Dataset section ->
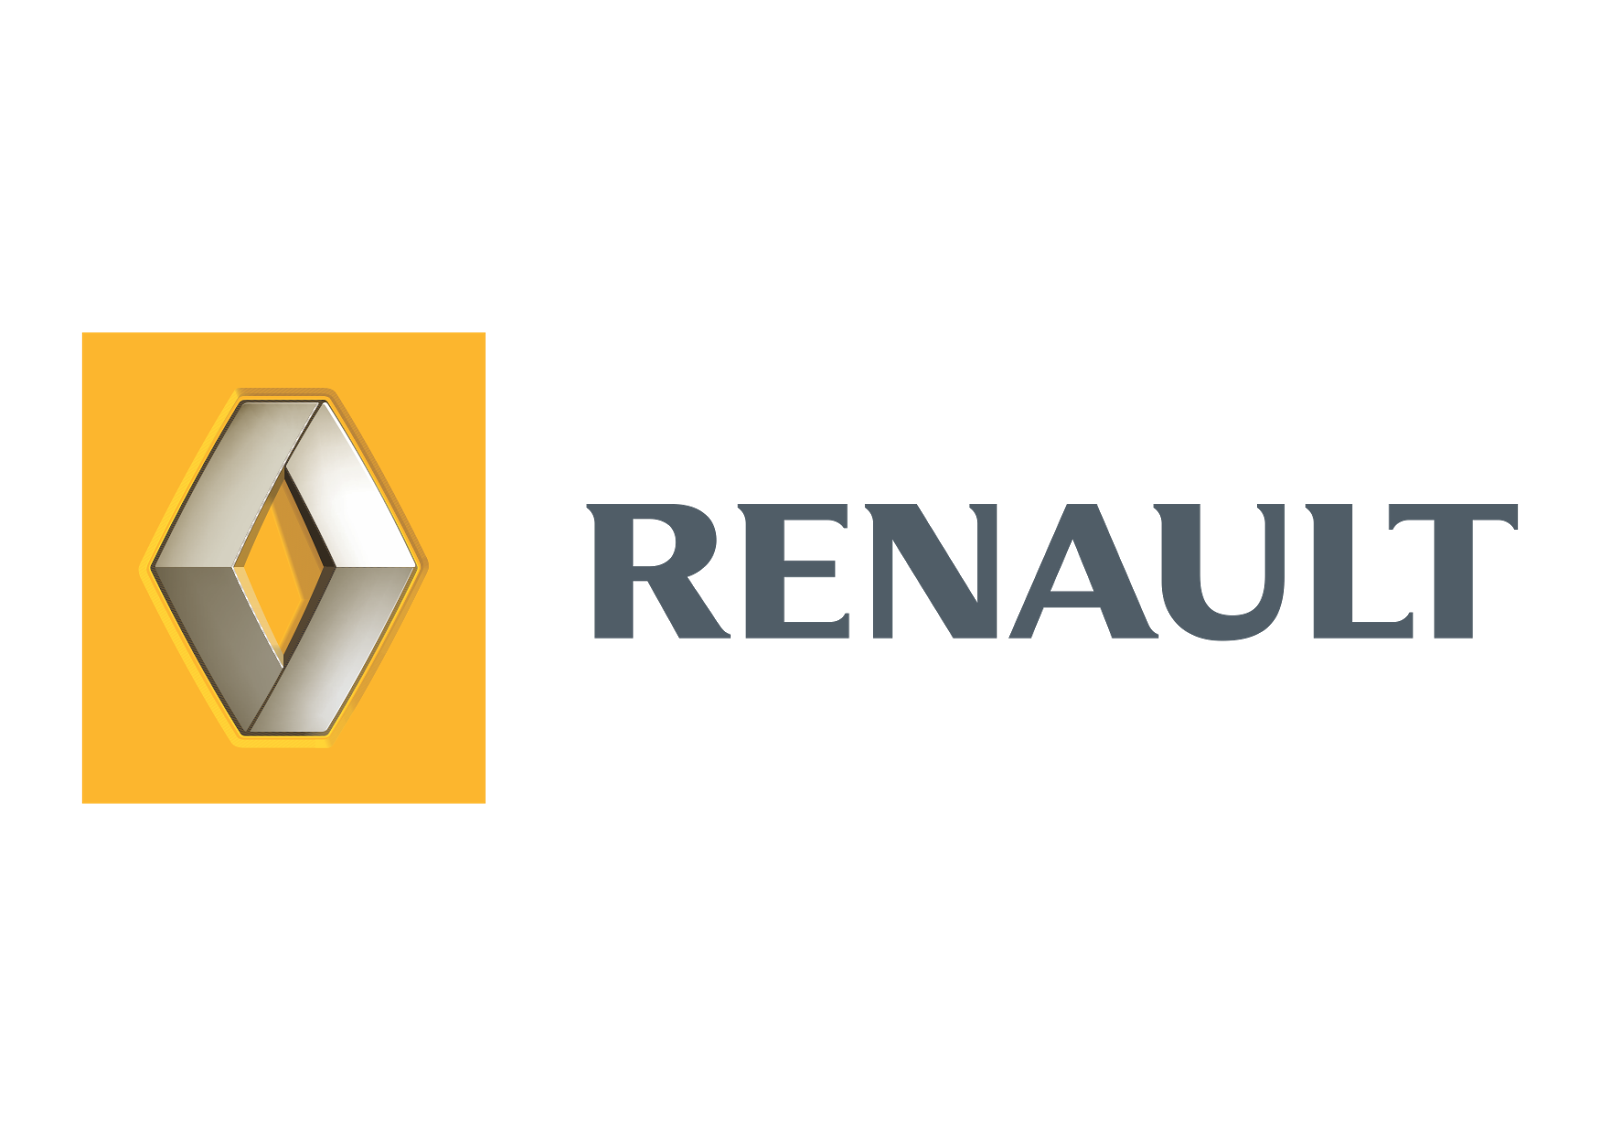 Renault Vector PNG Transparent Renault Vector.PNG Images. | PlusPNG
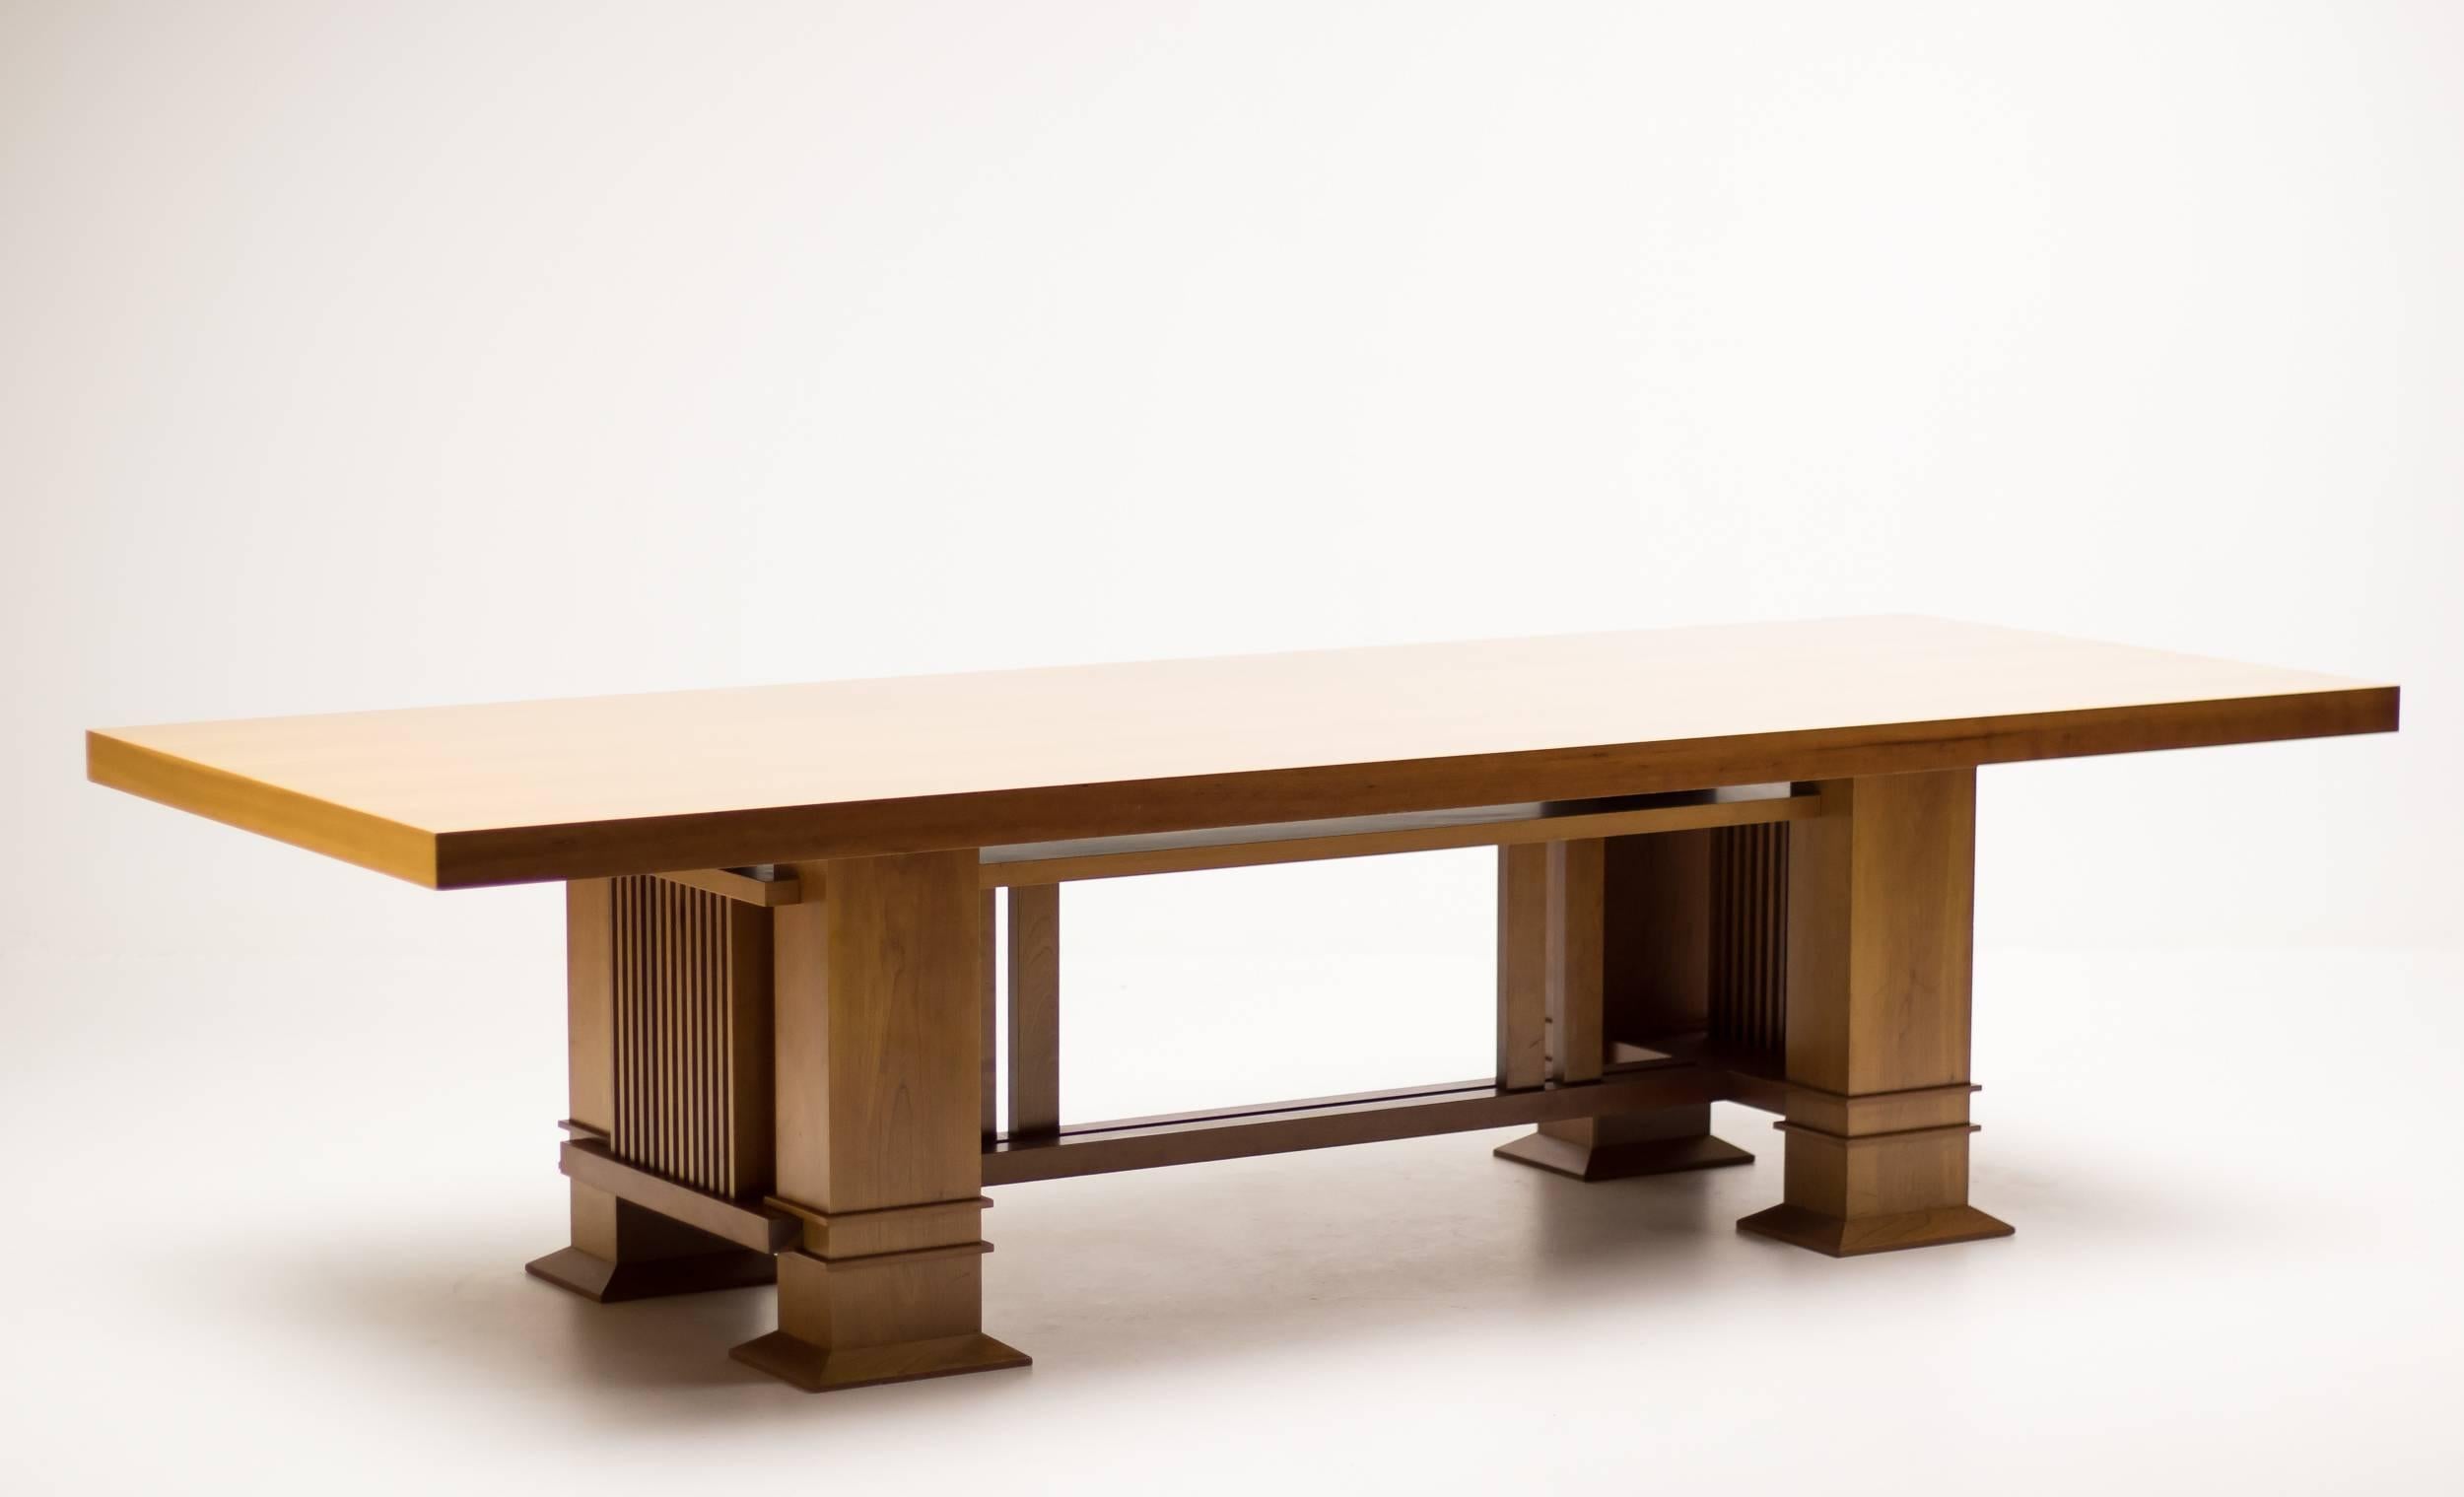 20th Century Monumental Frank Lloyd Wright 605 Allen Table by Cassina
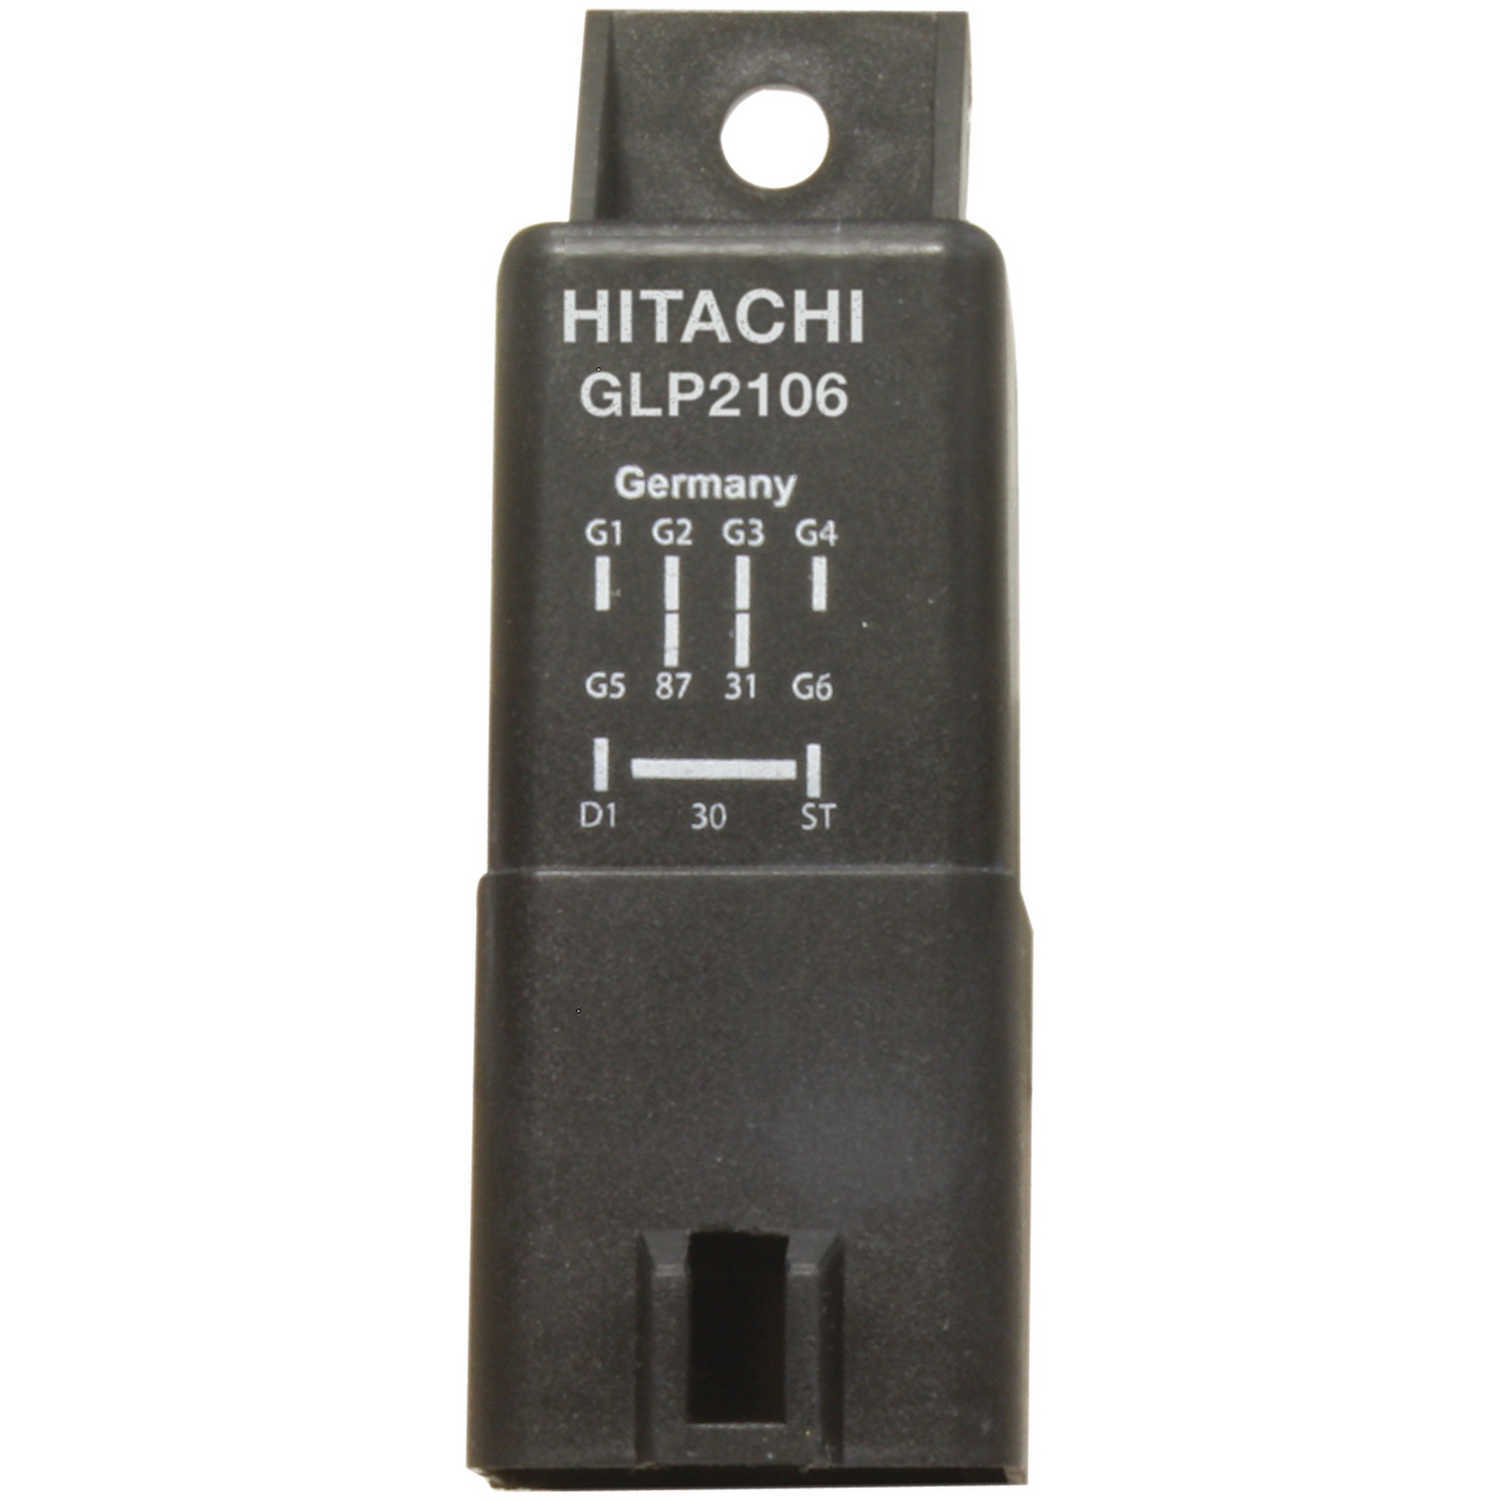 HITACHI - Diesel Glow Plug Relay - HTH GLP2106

Task details ->
Strip out the pictures and repeat the listing above exactly.

Solution ->
 Renault Vector PNG Transparent Renault Vector.PNG Images. | PlusPNG
 20th Century Monumental Frank Lloyd Wright 605 Allen Table by Cassina
 HITACHI - Diesel Glow Plug Relay - HTH GLP2106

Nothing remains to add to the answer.